Estate Planning For Singles
Estate Planning for Singles
Single people, with property in their name alone, need a will. Otherwise, their significant others or close friends will not inherit.
If a single person does not have a will, their assets will pass to next of kin per the laws of intestacy. This means the property will first pass to children, or if none, to parents. If a single person is not survived by parents or children, their assets will pass to their siblings in equal shares, or nieces/nephews. Significant others will not receive anything.
If there is no will, proper beneficiary designation forms or joint account ownership is needed to pass assets to a companion; Without joint ownership or a partner named in a beneficiary designation form, a partner may not inherit anything.
Things can go wrong for singles when estate planning is not done. Here are some examples of what can happen:
- Anne and Gil live together and have one young child. They are not married and have no joint accounts. They only own the home jointly. If Gil dies unexpectedly, only the home will go to Anne. The rest of his estate will pass to their young child. Would Gil want the child to get his estate and not Anne?

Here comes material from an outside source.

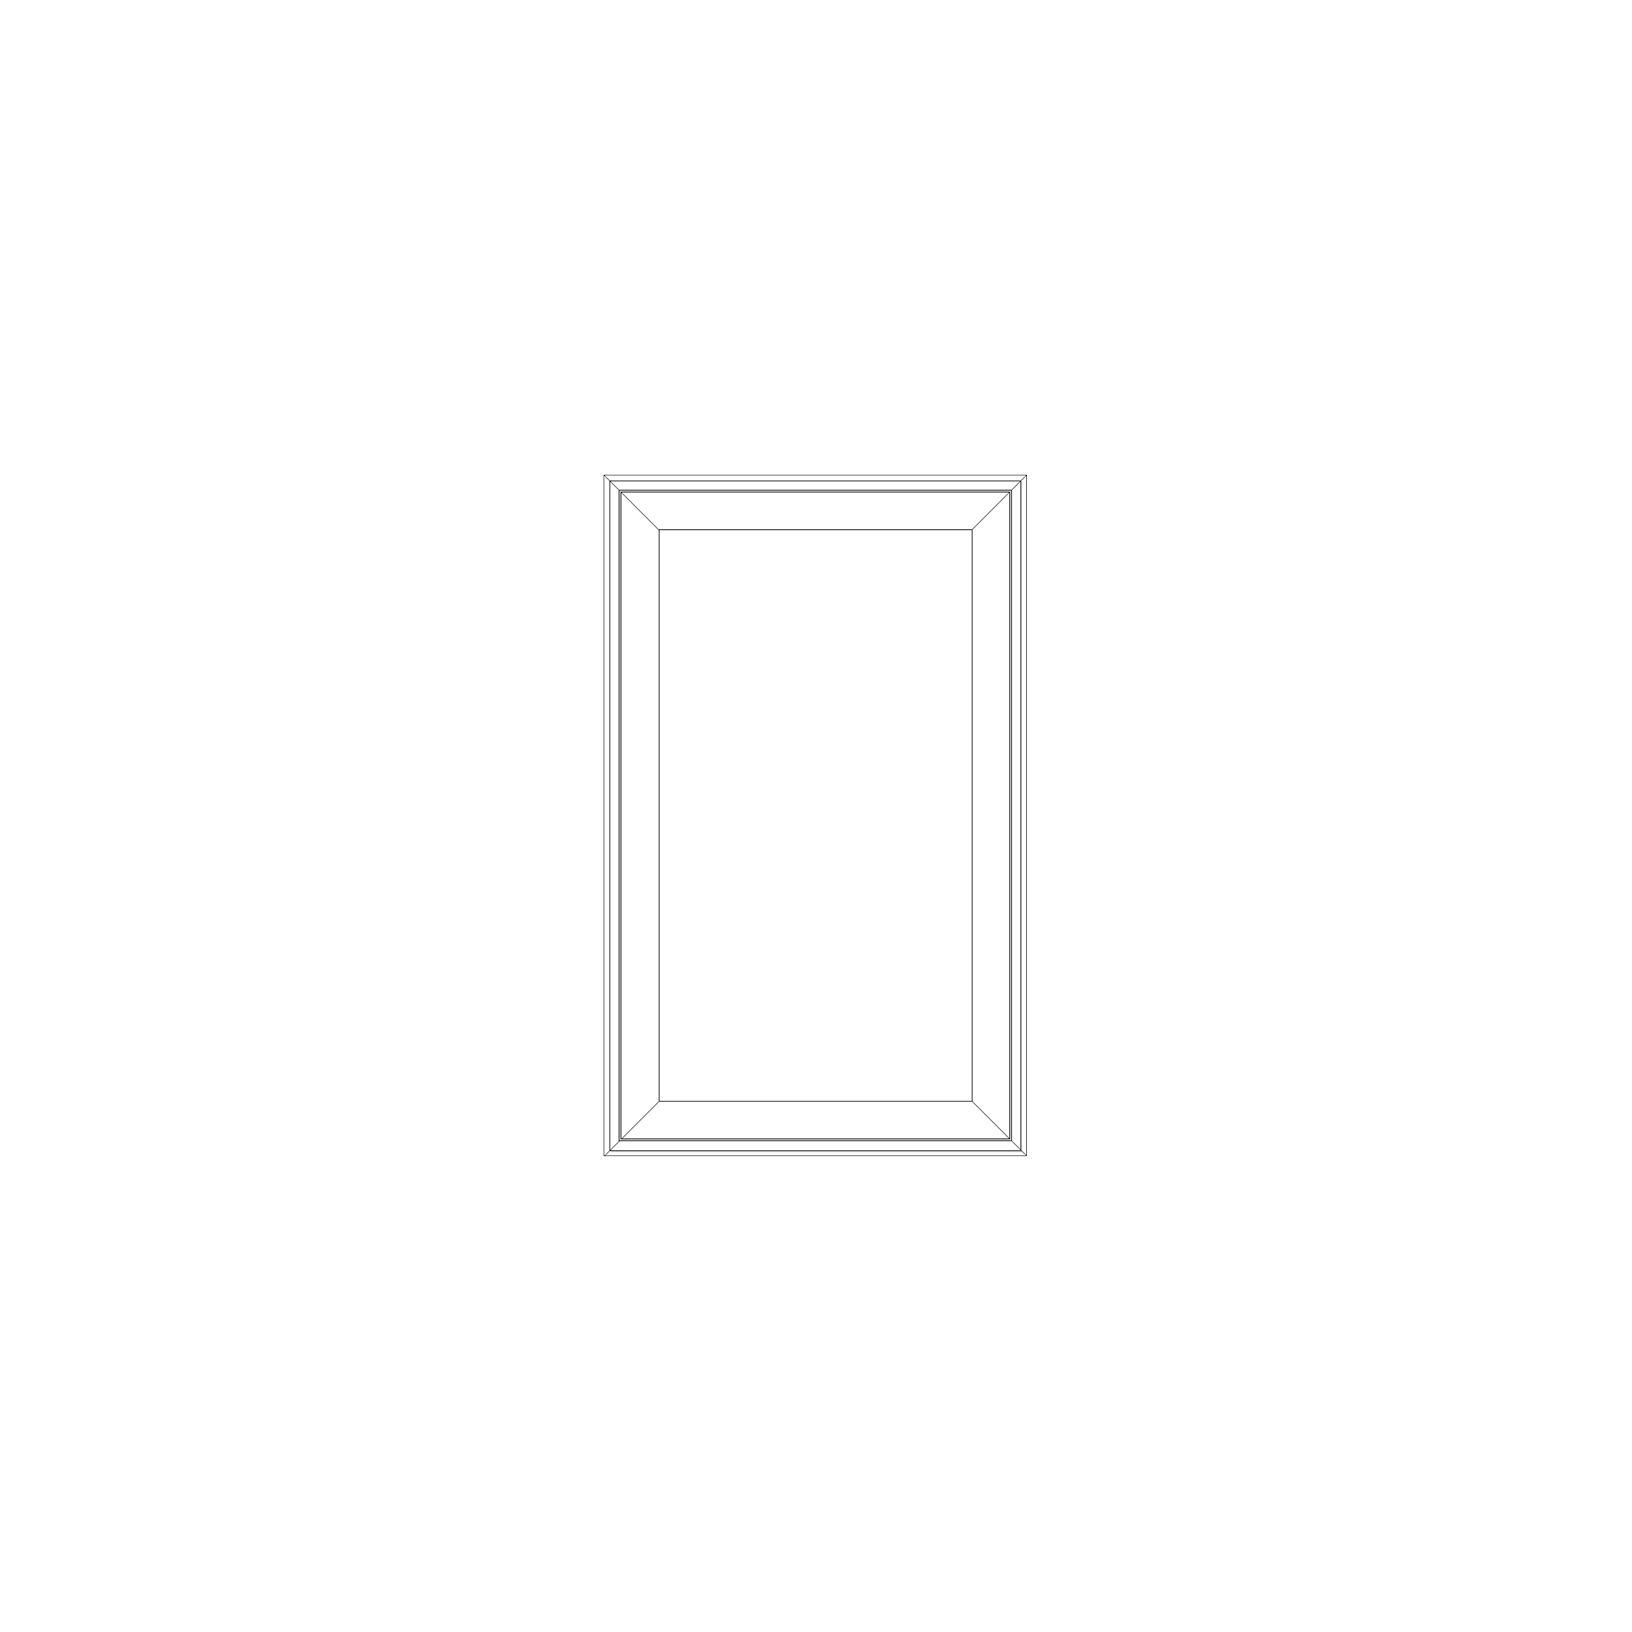 EDGE 1-SEKTION 1 dörr
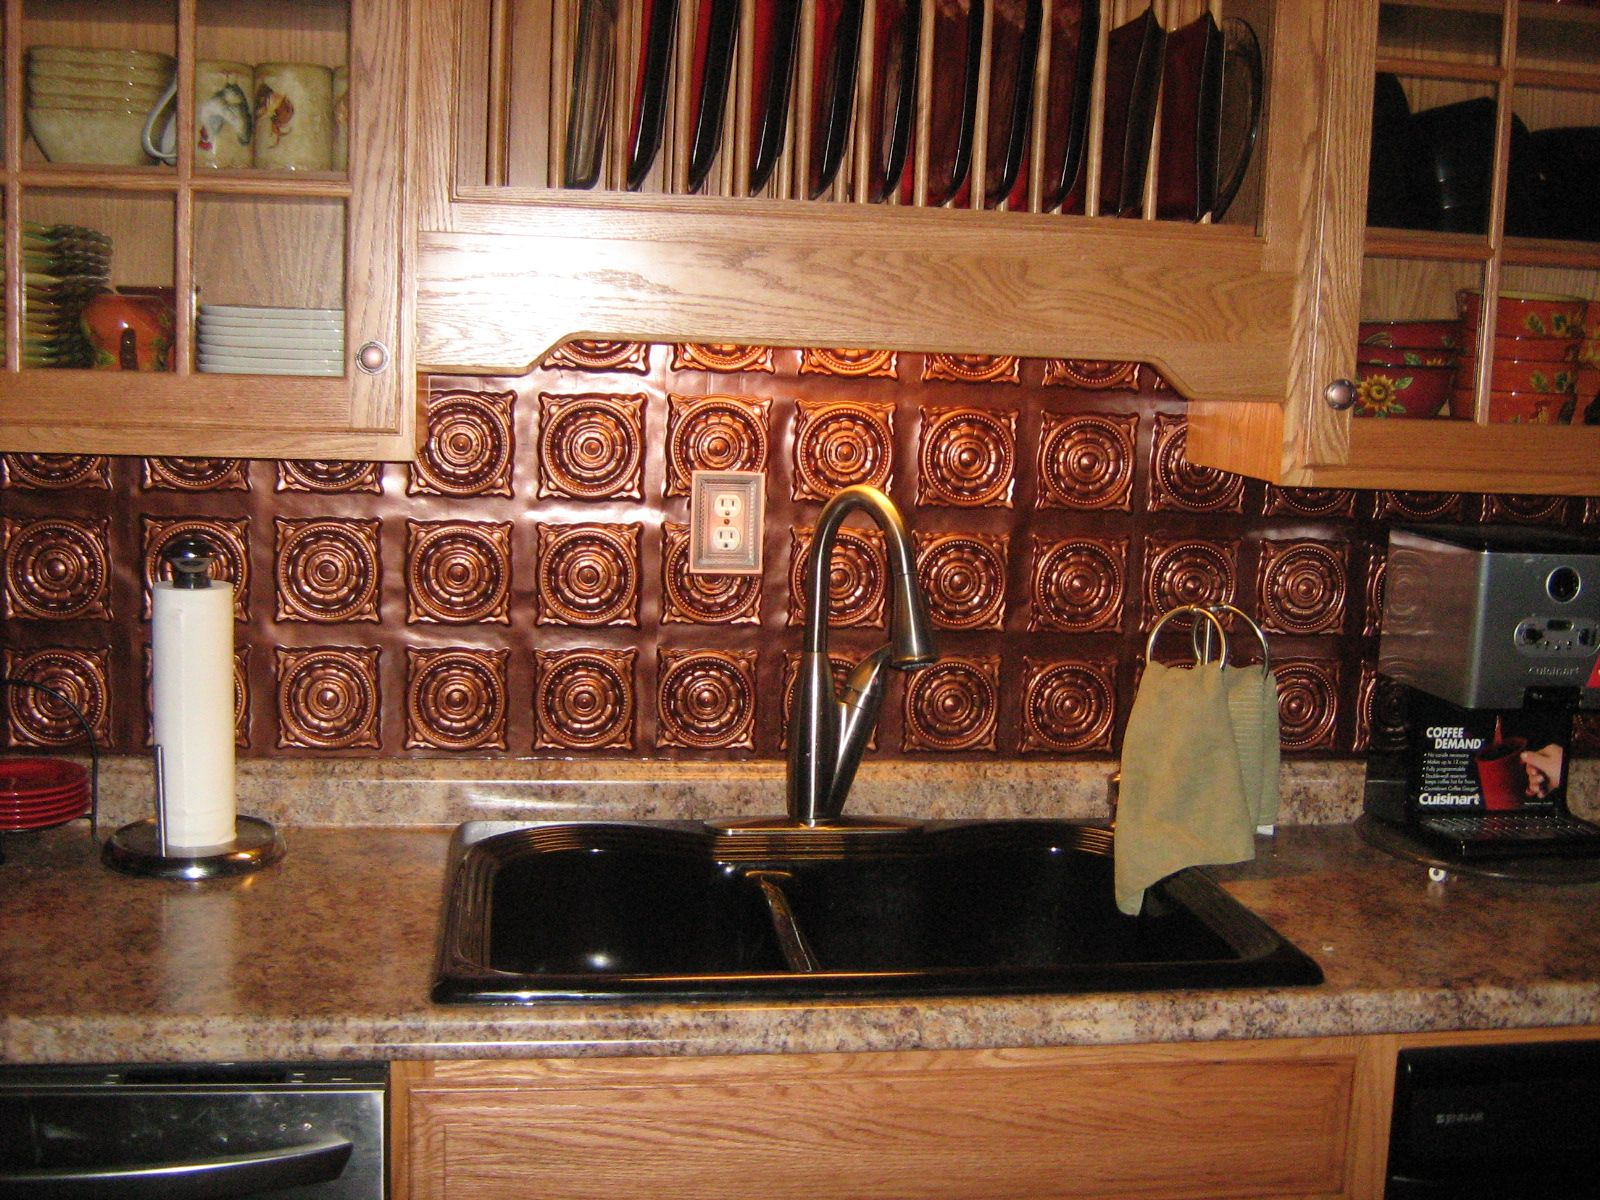 Ceiling Tiles Kitchen Back Splash Decorative Ceiling Tiles

- Ellie is a widow with two grown children. She’s been estranged from her daughter for over 20 years but is close with her son and his family, who live nearby. If she doesn’t have a will, her children will share 50-50 unless the assets are jointly titled with her son, or her son is the designated beneficiary.
- While Betty and Sally lived together, Sally adopted a child to raise together. Betty has no parental rights. If Betty and Sally don’t marry, care must be taken to properly leave assets for the other. Betty may also consider adopting their child, so she can be the legal guardian if something happens to Sally.
People can be single for many reasons. But one thing is sure: Without estate planning and a will, things may not go according to plan.